Among the entries below, find the line with "paul-street-standard-slim-fit-long-sleeves-casual-shirt" and the line with "Agenda Item 5: Coordinators". Return exactly those lines and every line between them, but no pictures.

Data to process:

== Segment start ==

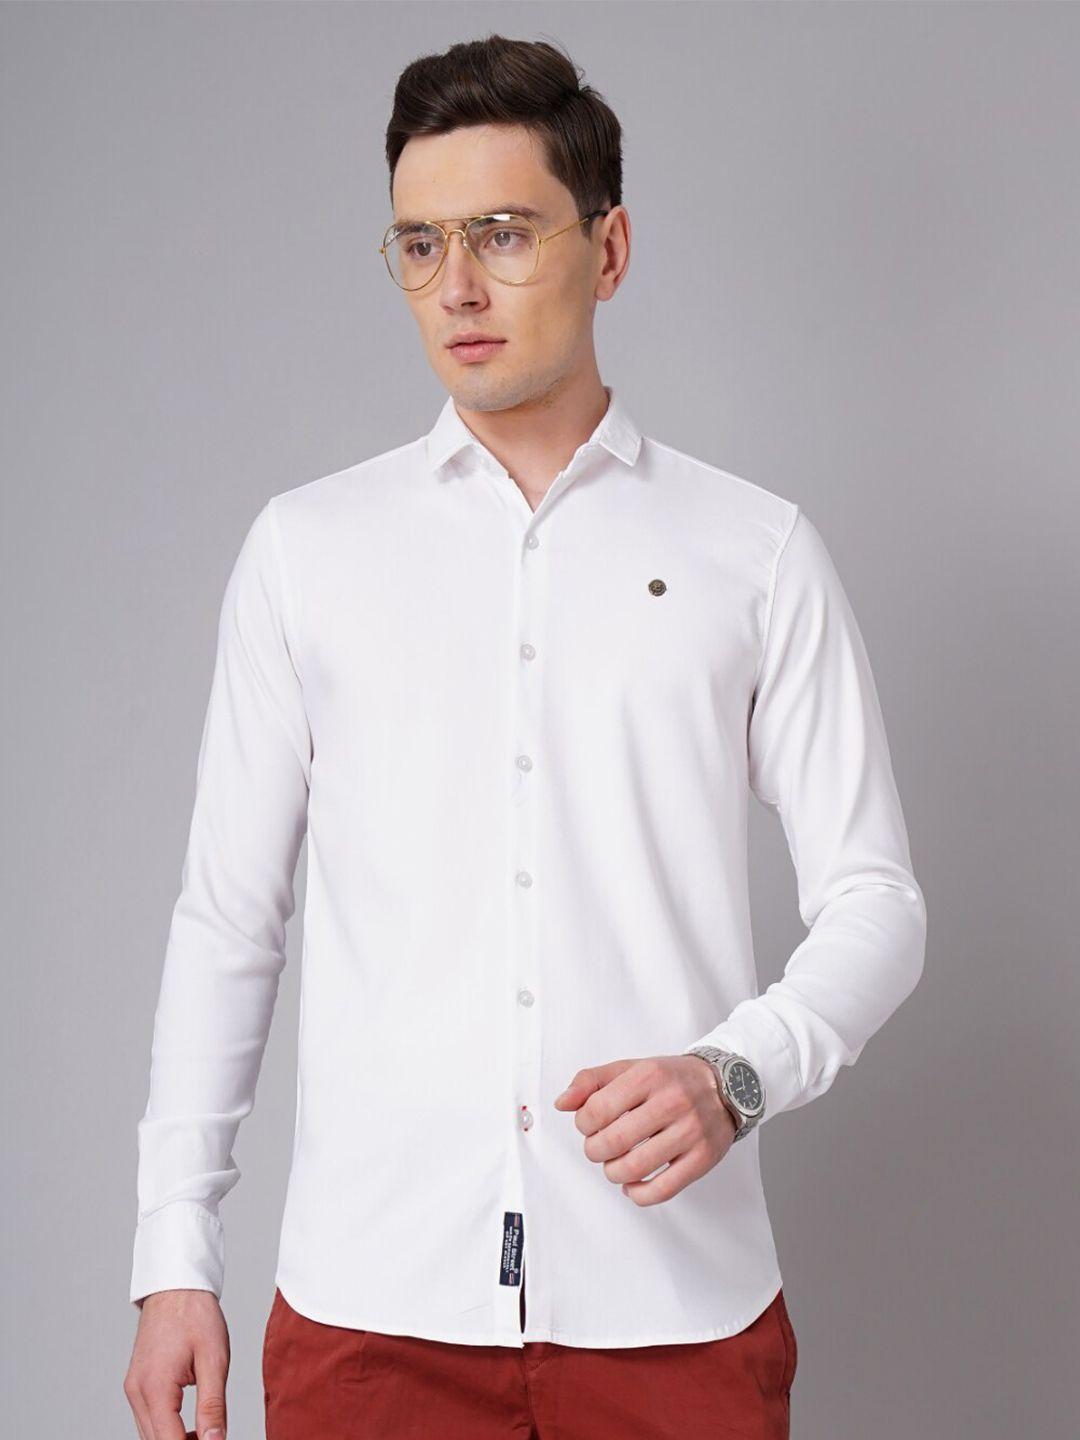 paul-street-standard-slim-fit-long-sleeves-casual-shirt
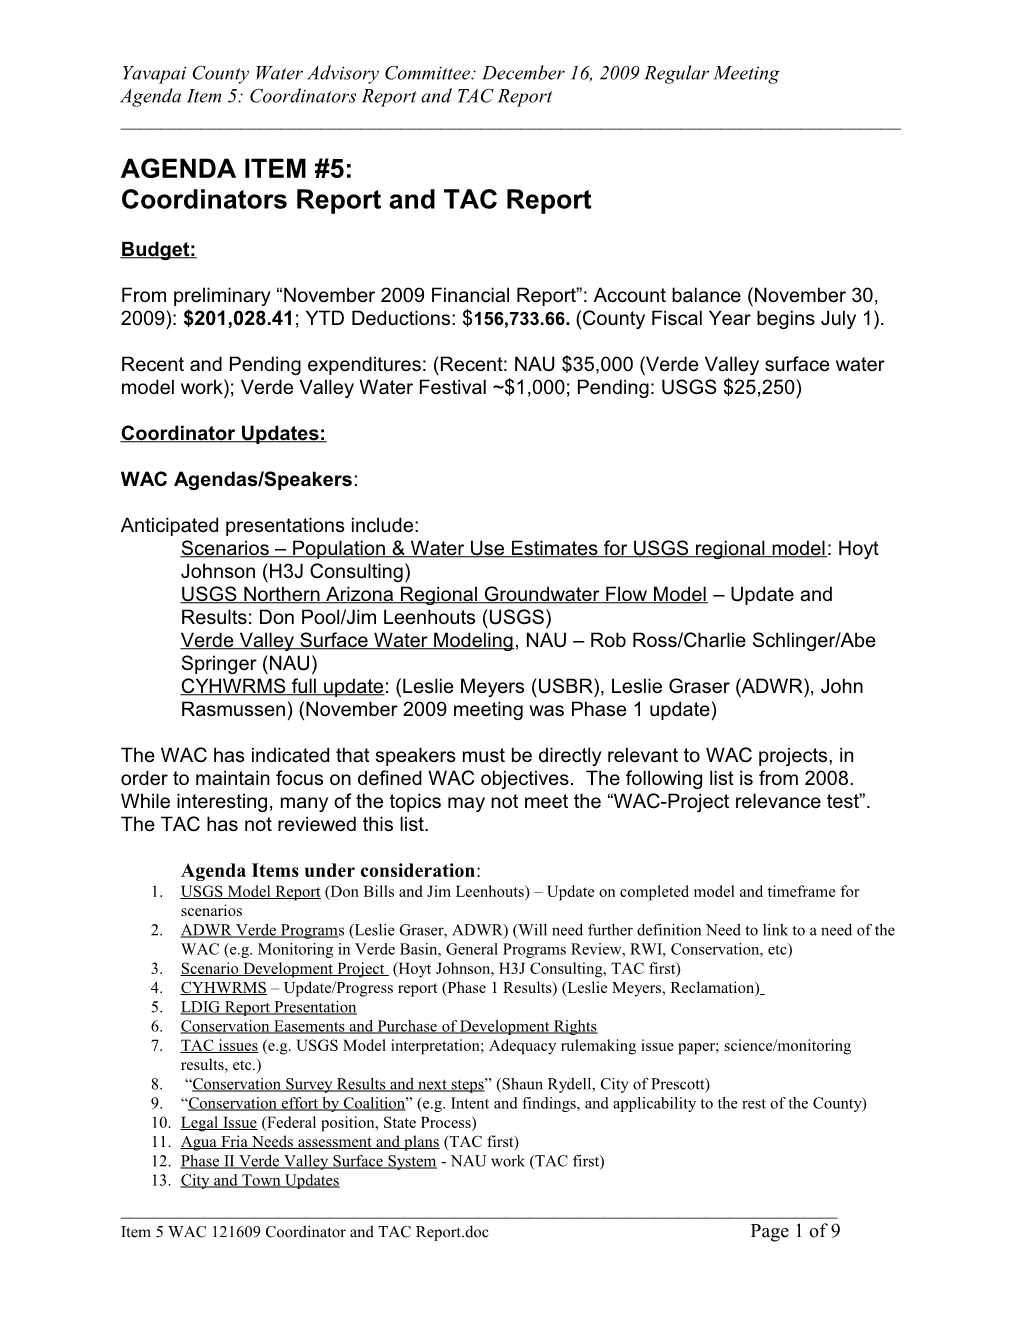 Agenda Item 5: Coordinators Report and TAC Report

== Segment end ==
== Segment start ==

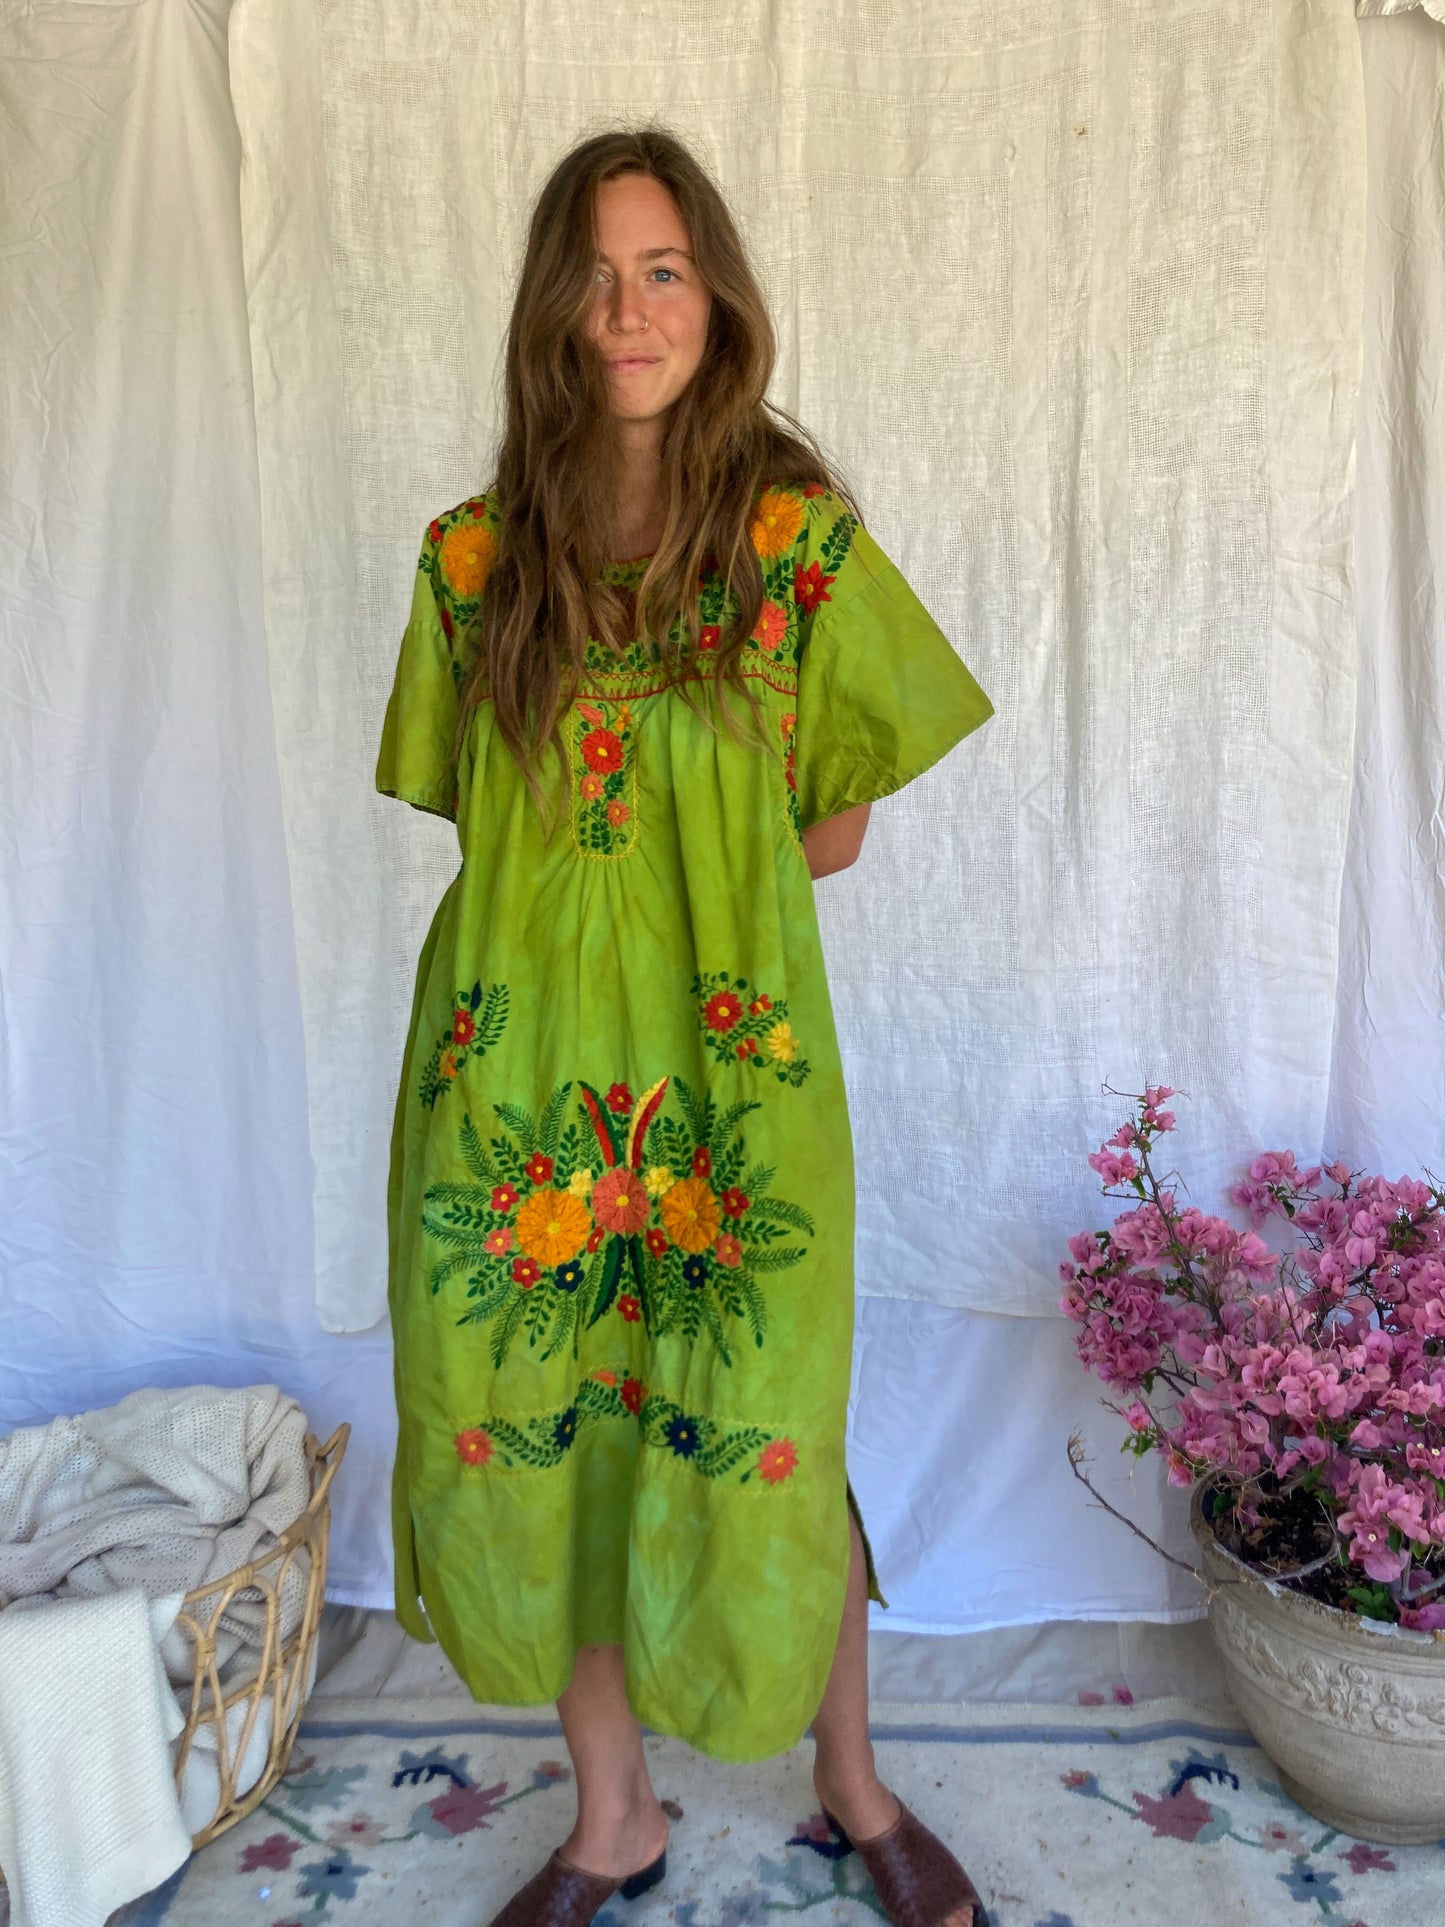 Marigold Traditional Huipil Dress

== Segment end ==
== Segment start ==

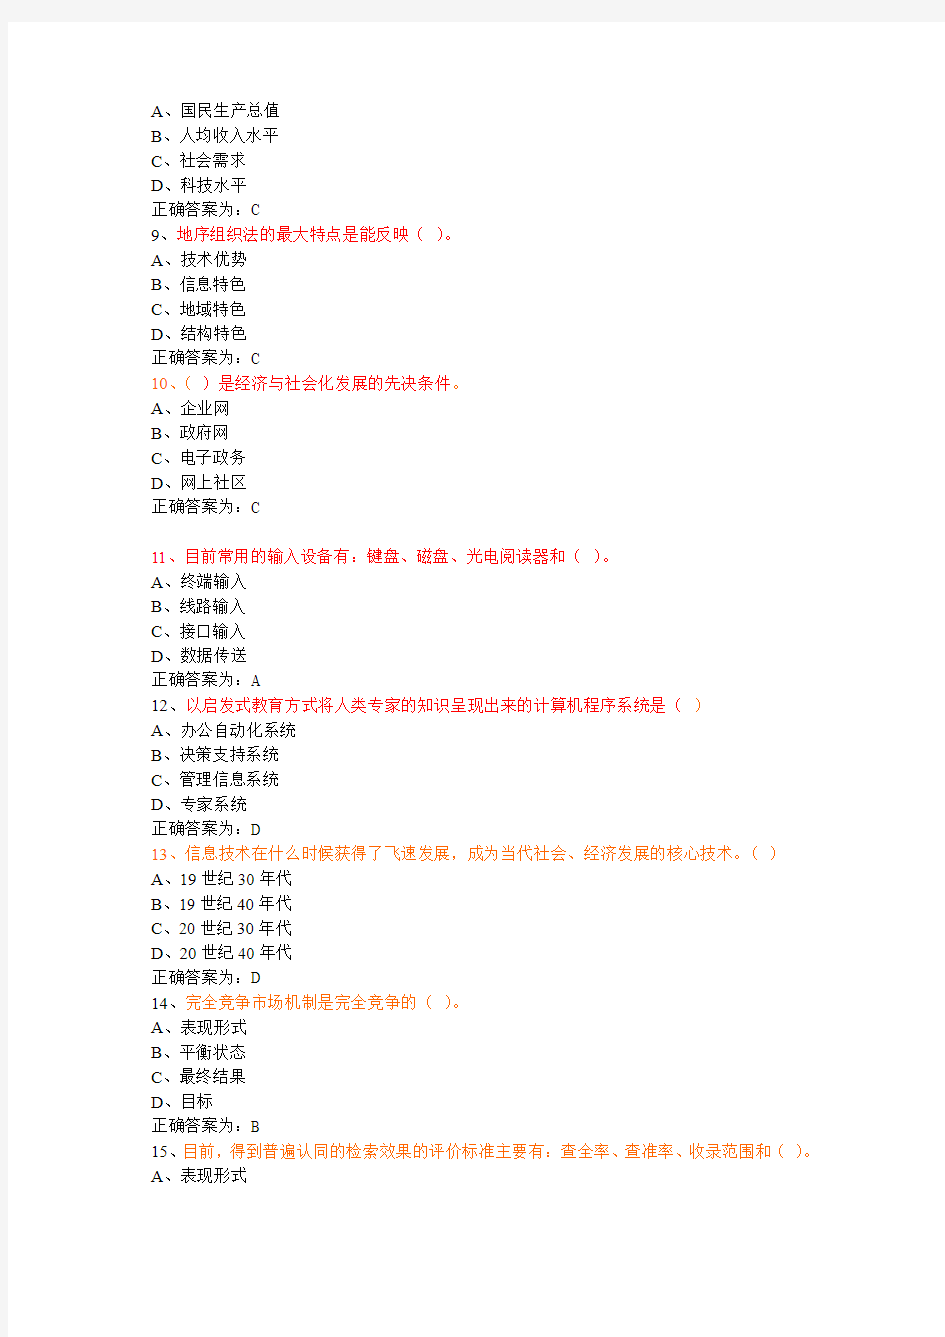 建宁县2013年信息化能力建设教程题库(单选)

== Segment end ==

Result below:
 paul-street-standard-slim-fit-long-sleeves-casual-shirt
 Agenda Item 5: Coordinators Report and TAC Report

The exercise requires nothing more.